Le 05/05/2016 à 00h33

Les médias espagnols le surnomment «Cazatalentos», ou «Chasseur de talents». Il est Marocain d'origine, a une quarantaine d'années, est marié à une Mexicaine avec qui il a eu deux enfants, et était parfaitement intégré en Espagne. Son vrai nom: Aziz Zaghnan. Un homme qui travaillait pour une société renommée, spécialisée dans le recrutement de profils hautement qualifiés, soit de perles rares, pour ainsi dire, au profit d’autres entreprises, principalement des multinationales. Un travail qu’il exerçait depuis un peu plus de 15 ans.

Mais, en parallèle, il menait une activité bien plus dangereuse. En effet, il recrutait également des jihadistes pour le compte de Daech, rapporte le quotidien Akhbar Al Yaoum dans son édition du jeudi 5 mai. Selon les autorités espagnoles, rapporte le journal, il était même à la tête d’une cellule terroriste dont faisaient partie sa femme et deux autres Marocains qui avaient pour mission de recruter des combattants islamistes envoyés en Syrie.

Et, comme dans bien des cas similaires, tous ceux qui ont connu et côtoyé ce "chasseur de jihadistes" parlent de lui comme d’un homme affable, qui ne donnait aucun signe de radicalisme religieux. Un homme sans problème, qui semblait avoir une tranquille vie de famille et menait une belle carrière professionnelle dans le domaine de la gestion des ressources humaines. Il avait d'ailleurs démarré sa carrière professionnelle avec l’un des principaux opérateurs télécoms espagnols, à savoir Vodafone, où il a passé trois années avant de rejoindre le cabinet «Lee Hecht Harrisson», une filiale d’Adecco, où il a officié en tant que directeur commercial et chasseur de têtes. Bon négociateur, il s’est toujours distingué par ses qualités d’orateur et sa maîtrise des langues et des réseaux informatiques et sociaux. Autant de "talents" qui ont servi ses activités terroristes. Des activités qui n'ont pas échappé aux services de renseignement espagnols. Aussi, il y a plusieurs mois, l'homme a été mis sous surveillance, sur ordre du Parquet de l'Audience nationale de Madrid (tribunal).

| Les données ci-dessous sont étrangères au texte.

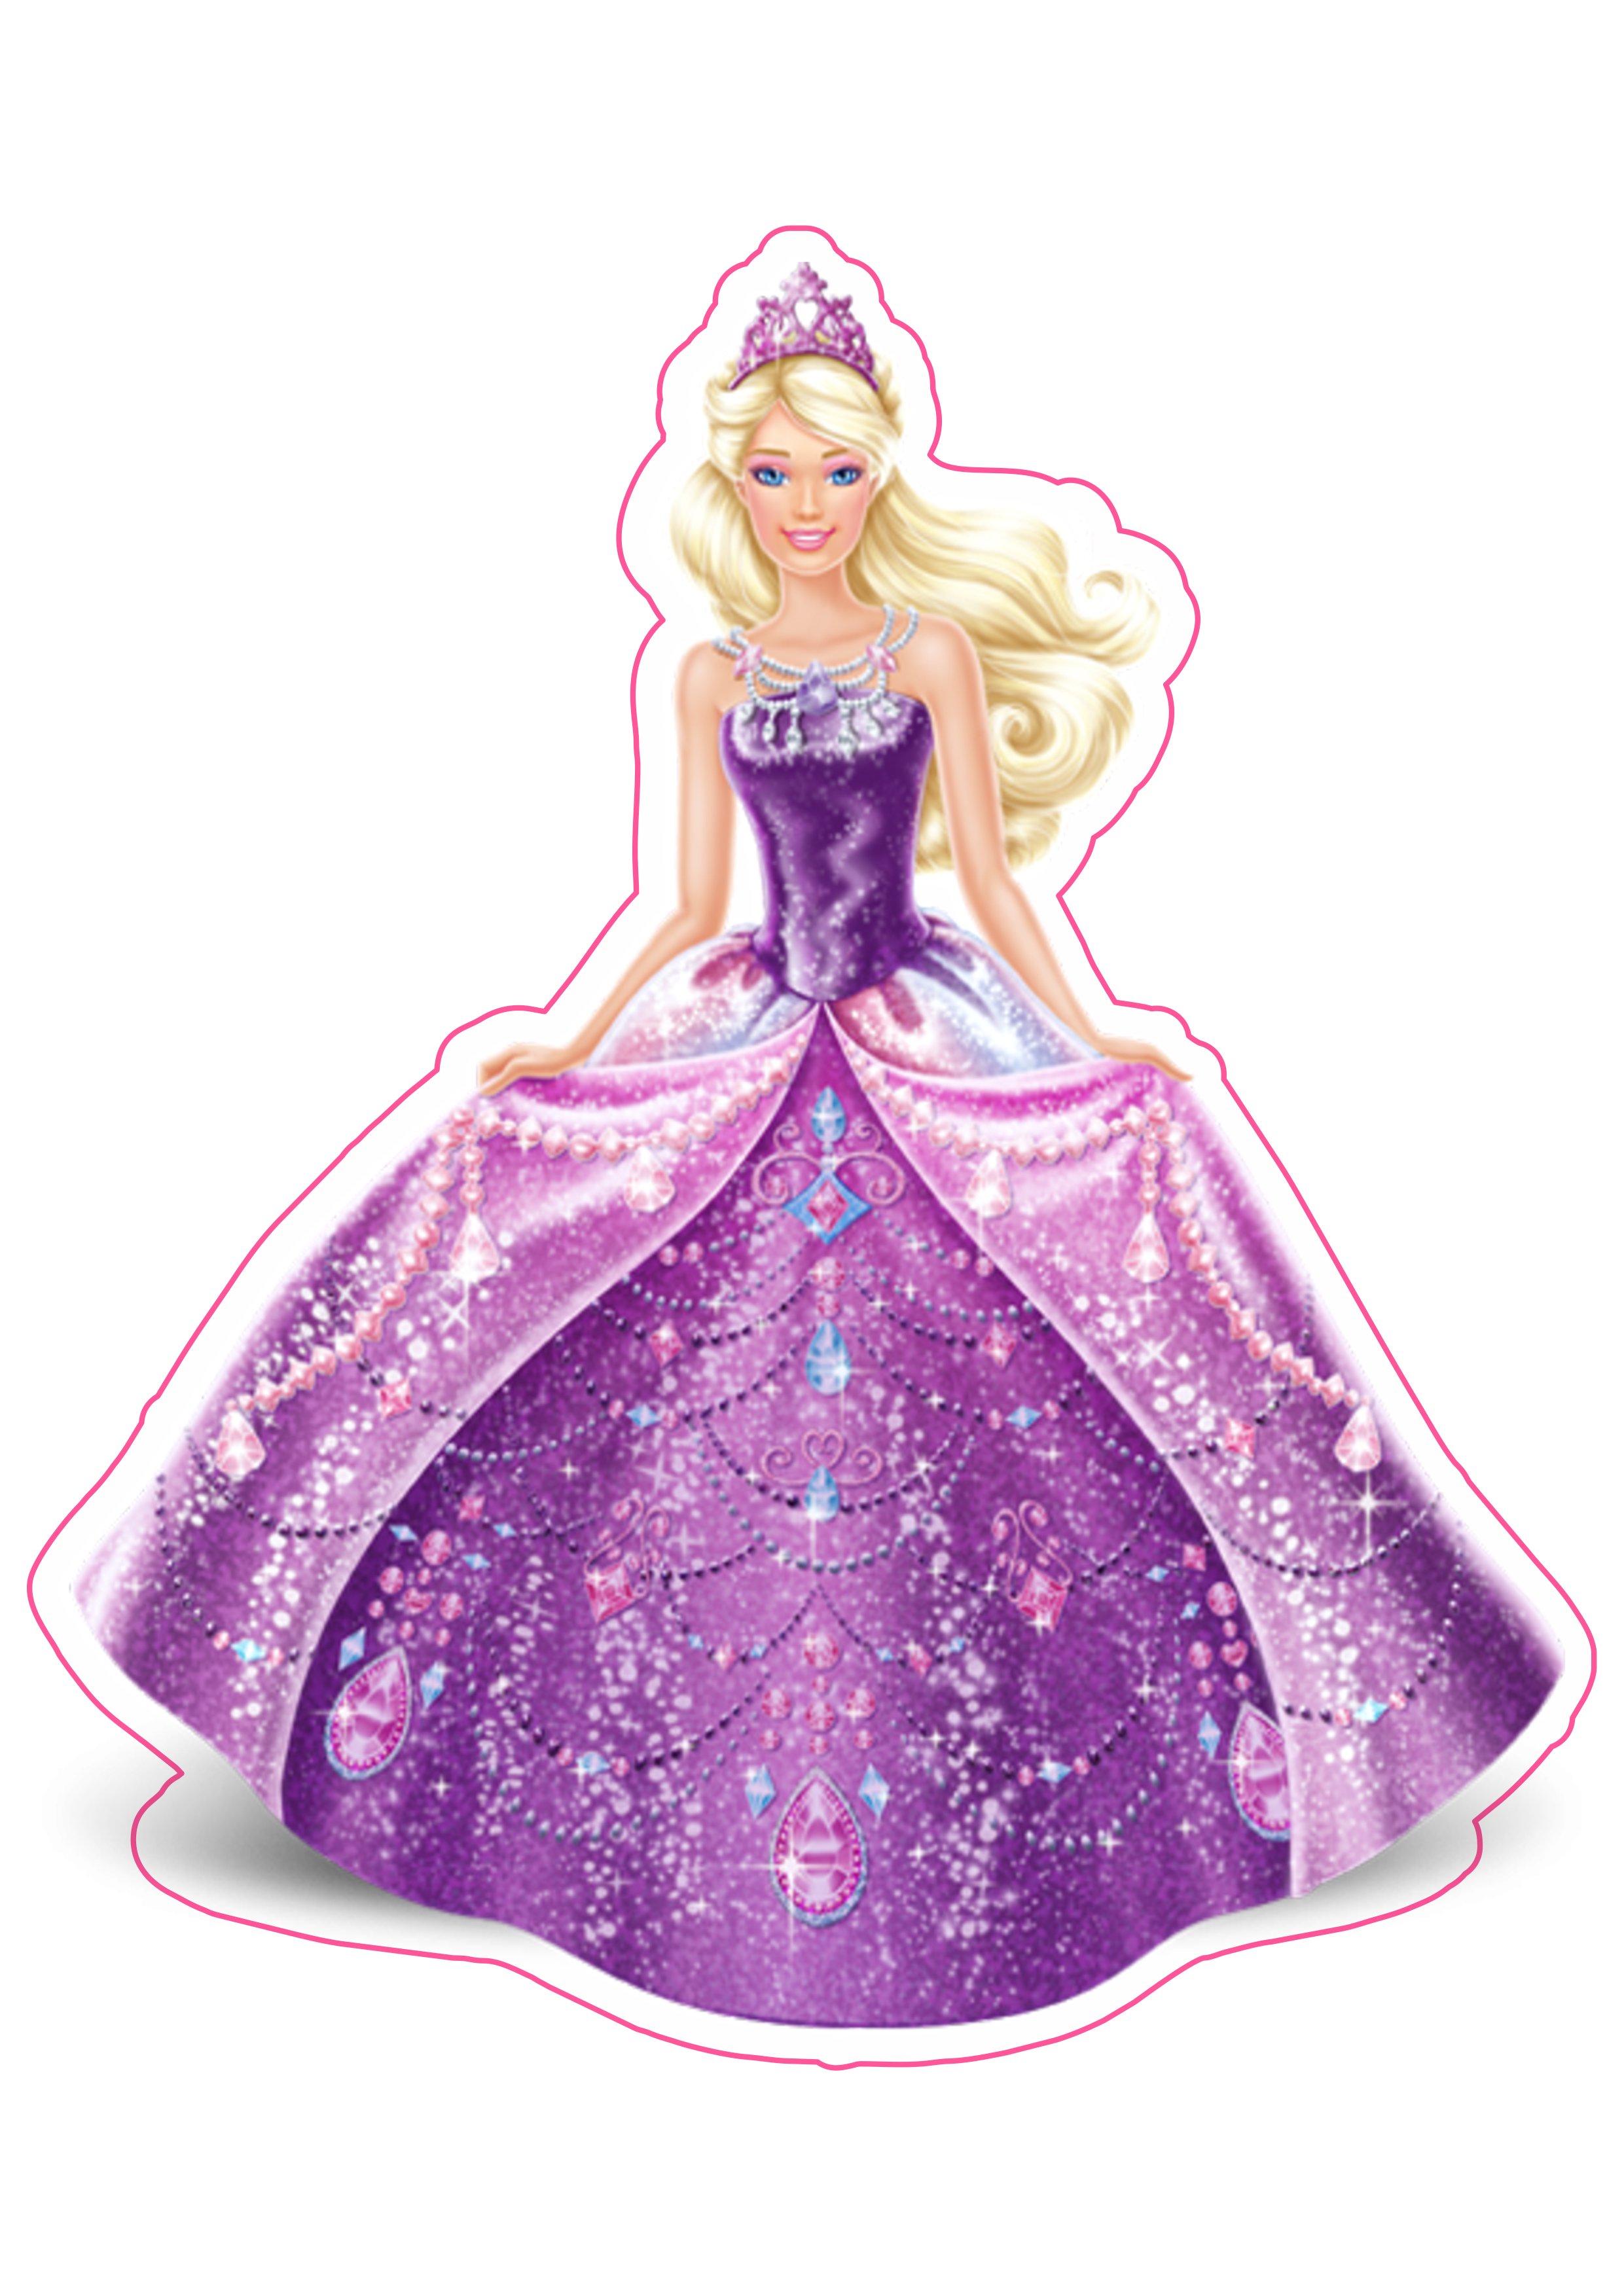 Barbie princesa vestido lilás personagem fictício imagem grátis fundo transparente com contorno png
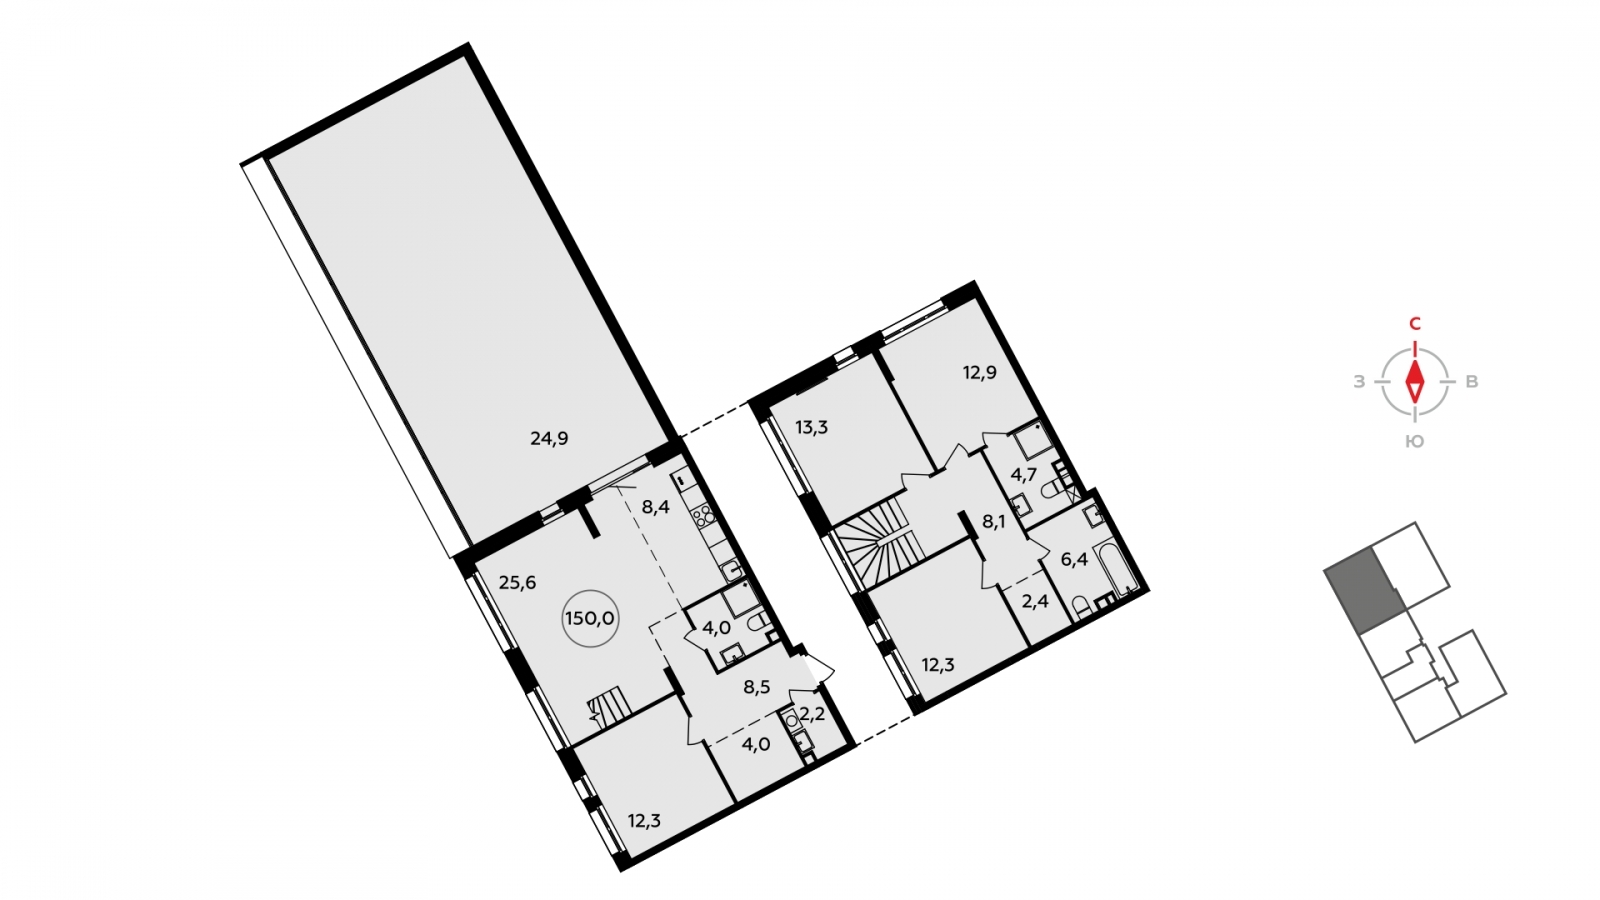 Продается 2-уровневая 5-комнатная квартира с европланировкой с террасой в новом жилом комплексе, дом сдан, рядом с метро

Les soupçons ayant été confirmés, le mis en cause a été arrêté, mardi dernier. Sa femme et deux autres membres de son réseau ont de même été interpellés. La police n’a pas souhaité s’exprimer sur le nombre de personnes que l'inculpé a pu recruter et envoyer au front. Elle n’a pas non plus précisé le niveau d'infiltration des multinationales par les réseaux terroristes. Elle s’est seulement contentée d’affirmer que c’est la première fois qu’un haut cadre spécialisé dans les nouvelles technologies d’information se trouve impliqué dans des activités terroristes.